Transfer of Data Outside the EU
If your personal data is transferred to countries outside the European Economic Area (“EEA”), such transfers will take place in compliance with applicable laws, including the adoption of Standard Contractual Clauses approved by the European Commission, the selection of subjects adhering to international data transfer frameworks, or transfers to countries deemed adequate by the European Commission.
Further information is available upon request from the Data Controller.
Data Retention
Your personal data will be retained only for the time necessary to fulfill the purposes for which it was collected, in accordance with the principle of data minimization and storage limitation set out in Article 5.1.c) and e) of the Regulation.

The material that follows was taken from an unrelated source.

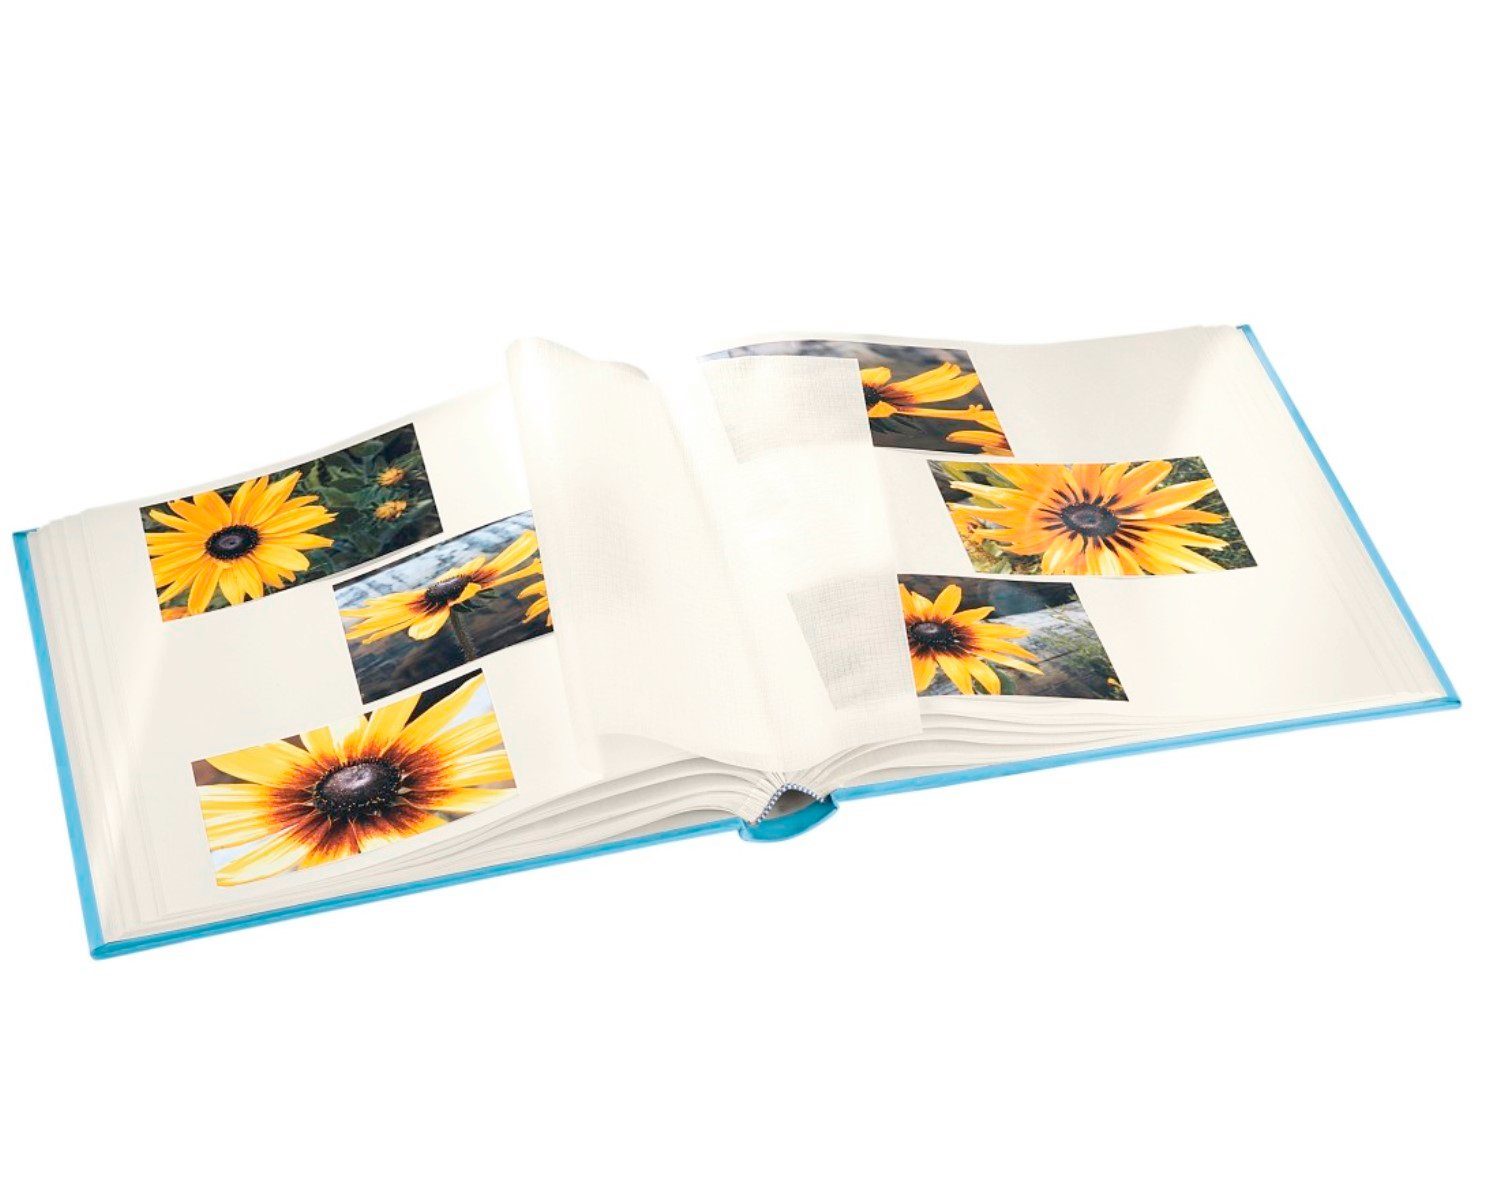 80 Buch-Album 80 Bilder, 320 Jumbo 30x30cm Swan Seiten, Hama Foto-Album Fotoalbum Kunstdruck Pastell, Seiten,

Any further retention required by applicable laws is reserved. At the end of the retention period, personal data will be deleted in a manner that ensures it cannot be reconstructed or read. More information is available from the Data Controller.
Data Processing Methods
The processing of personal data takes place using manual, computerized and telematic tools with logic strictly related to the above purposes and in a manner that ensures the security and confidentiality of the data, in accordance with legal requirements.
Your Privacy Rights
You have the right to ask the Data Controller, at any time, for access to your personal data, the correction or cancellation of the same or to oppose their processing, you have the right to request the limitation of processing in the cases provided for by art. 18 of the Regulation, to revoke the consent given pursuant to art. 7 of the GDPR at any time; to obtain in a structured format, commonly used and readable by automatic device, the data concerning you, in the cases provided for by art. 20 of the Regulation; as well as to lodge a complaint with the competent supervisory authority (Guarantor for the Protection of Personal Data) pursuant to art. 77 of the Regulation, if you believe that the processing of your data is contrary to the legislation in force. You may submit a request to oppose the processing of your data pursuant to Article 21 of the GDPR in which you give evidence of the reasons that justify the opposition: the Data Controller reserves the right to evaluate your request, which would not be accepted in case of existence of binding legitimate reasons to proceed with the processing that prevail over your interests, rights and freedoms. All requests must be submitted in writing to the Data Controller at the contact details above.